There are some on the left (like Kevin Drum at Mother Jones) who are having second thoughts on the American obsession of racial racial equality over class equalisation:
Class/income-based affirmative action has long struck me as an alternative that ought to get more attention than it does…Class-based program programs might, in the end, provide modestly less help for ethnic minorities than current policies — though well-designed ones might not. But they have some advantages too. For one thing, they help poor people. That’s worthwhile all by itself.
I commented a little over a week ago that class equalisation is something that, for a number of reasons, the left’s elitist leadership isn’t well positioned to deal with. But at least there’s some “out of the box” thinking going on about this problem. Americans have traditionally let their civil rights struggles be driven by just about anything else than class–race, gender, sexual orientation, you name it. (The LGBT’s struggle for “equality” would take a serious hit in a class-based equalisation effort, but that’s another post.)
But, in a parenthesis to Drum’s article, James Joyner shows that the left’s new thinking about this has his limits:
But, surely, we don’t want to create new categories, such as “Scotch-Irish Sons of Confederate Veterans,” for special treatment.
Ah, now we’re getting to where the rubber meets the road: the Scots-Irish are at the very core as to why this country has struggled with class-based equalisation.
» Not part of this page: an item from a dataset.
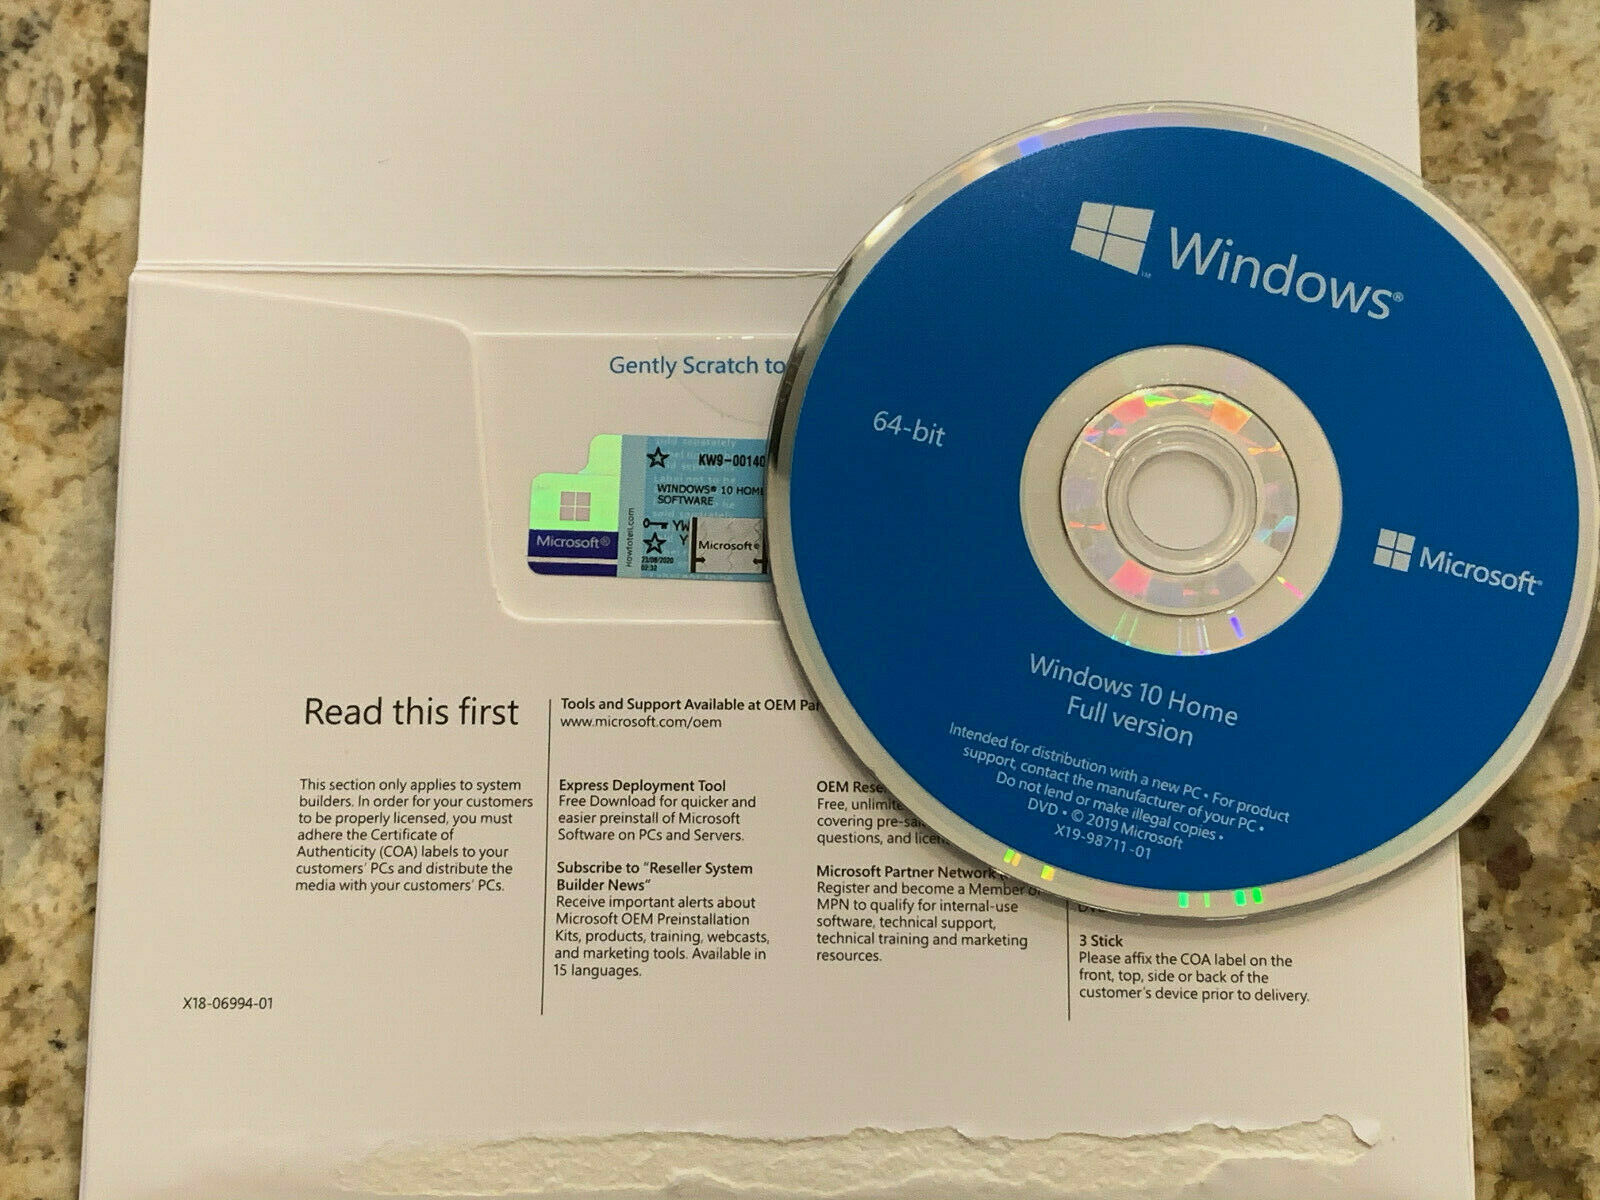 Windows 10 Home X64 Bit & Genuine Product Key Sticker(coa)

Their sociological system poses some unique challenges because a class-struggle paradigm is based on workers being exploited, and if there’s one thing that Scots-Irish are masters at getting around, it’s work, which is why exploiting them is a real trick.
P.S. I did read Sen. Webb’s piece that Drum refers to. It’s an interesting piece with some good observations, but his idea that Southern upper classes set the whites and blacks against each other is absurd. The War Between the States effectively decapitated Southern society and ruined its upper classes, which put the poor Scots-Irish in the driver’s seat for a century. In many ways postbellum Southern society was one of the most “bottom-up” driven societies in history, but the blacks bore the brunt of that “egalitarian” result.